No one should have to defend the position that humans aren’t animals or that we haven’t been evolving just as every other living life form has over the eons. Accepting this should not be a bridge too far for a Christian, and if it is then clearly the theology needs adjusting.

Perhaps the solution is to attribute natural selection to God’s plan. Or perhaps the concept of God itself could be dialed down from that of creator of everything whatsoever to something inside ourselves which makes our oh-so-different human experience possible.

RichardBuggs · May 12, 2018, 5:58pm

Hi T, yes repetitive regions are more likely to have mutations due to unequal crossovers during recombination.
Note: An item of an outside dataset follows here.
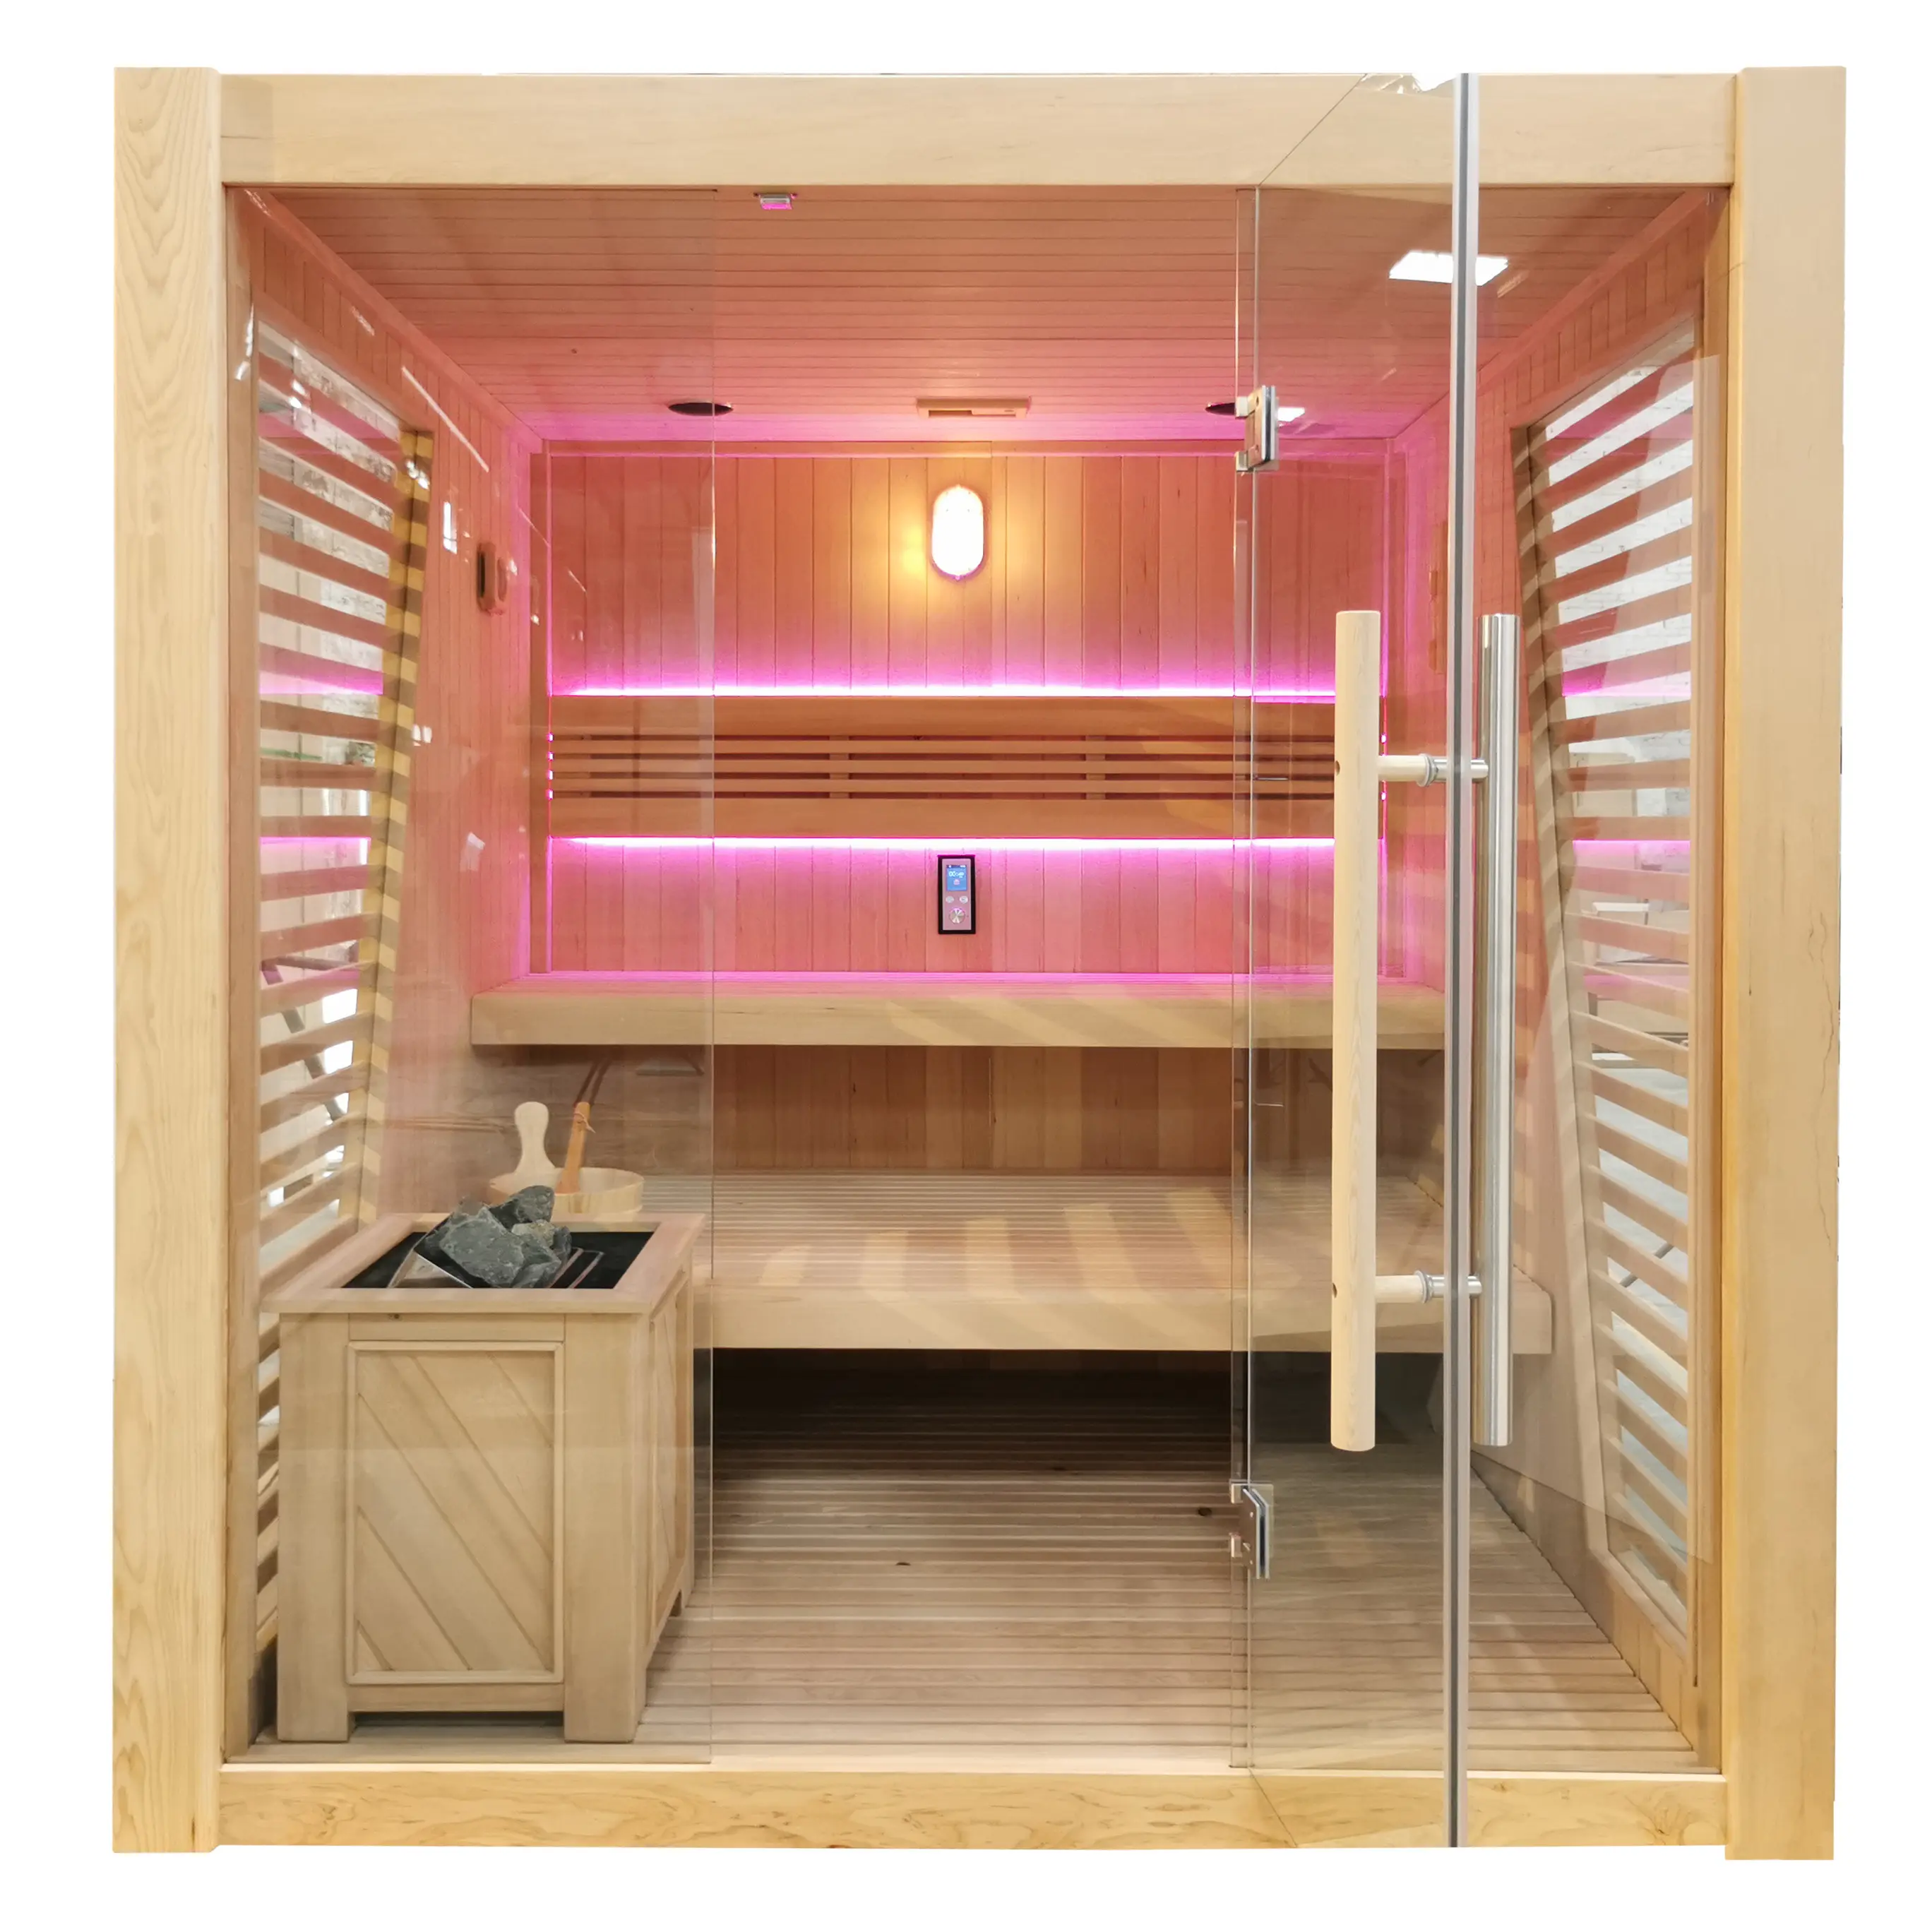 Sauna de madera maciza de lujo Popular Swankia, sala de sauna de vapor seco interior, sala de sauna de cedro rojo infrarrojo lejano, estufa harvia

The main reason why they are hard to assemble it that when a particular sequence is repeated many times in tandem (one after another after another…) it is hard to know how many times that repeat occurs. We don’t know which copy of the repeat our DNA reads come from. It is a bit like the pieces of a jigsaw puzzle (to use analogy you used earlier) that are all from a blue sky. They are all exactly the same so it is very hard to place them, and unlike a jigsaw puzzle, they don’t have unique shapes that allow us to place them uniquely in the end. The only way to properly assemble them is to use very long reads (such as PacBio, which was used in PanTro5 and PanTro6) or methods that pair up two reads over long distances (mate pair libraries), but even today our methods are not always good enough. Obviously a lot of effort has gone into this for the human genome, and somewhat less for the chimpanzee, though what has been done on the chimpanzee is pretty impressive. A lot of repetitive DNA has been assembled in both genomes.

It is worth noting, however, that it is often the number of copies of a repeat that we don’t know, not the sequence of the repeat itself. So if, for example, we are still unsure of how many times a particular repeat occurs in the chimpanzee genome, we may still know the sequence of the repeat and be able to align that to the human genome. In the .net.axt alignments (see post 35 above) the single sequence we have from the chimpanzee would be able to align multiple times to the human genome, so in my analyses in post 35 and post 40, these would show up as “Paralogs in axtnet alignment”, not as “Unaligned”.

Another reason why a region of the genome may be had to assemble is because it is highly heterozygous in the individual being sequenced, or for some other reason it is highly variable among allelic copies in the material being sequenced. Such regions are likely to be rapidly evolving, or under long term balancing selection.

For these reasons, (and the point I have made previously about the comparison of PanTro4 and PanTro5 alignments with Hg38) I would not be too optimistic that newly added chimp sequence will align with regions that have yet to be assembled in the human genome.

I haven’t looked at that, but looking at UCSC alignments of other species to the human genome, the chimpanzee has much more percent identity that any of the other species, as one would expect from morphology (as @MarkD has noted). The overall percentage of human vs other species genomes that are identical is in the 80s for chimpanzee and bonobo, in the 70s for the macaque, in the 40s for tarsier, in the 30s for cat, dog and cow, in the 20s for mouse and rat.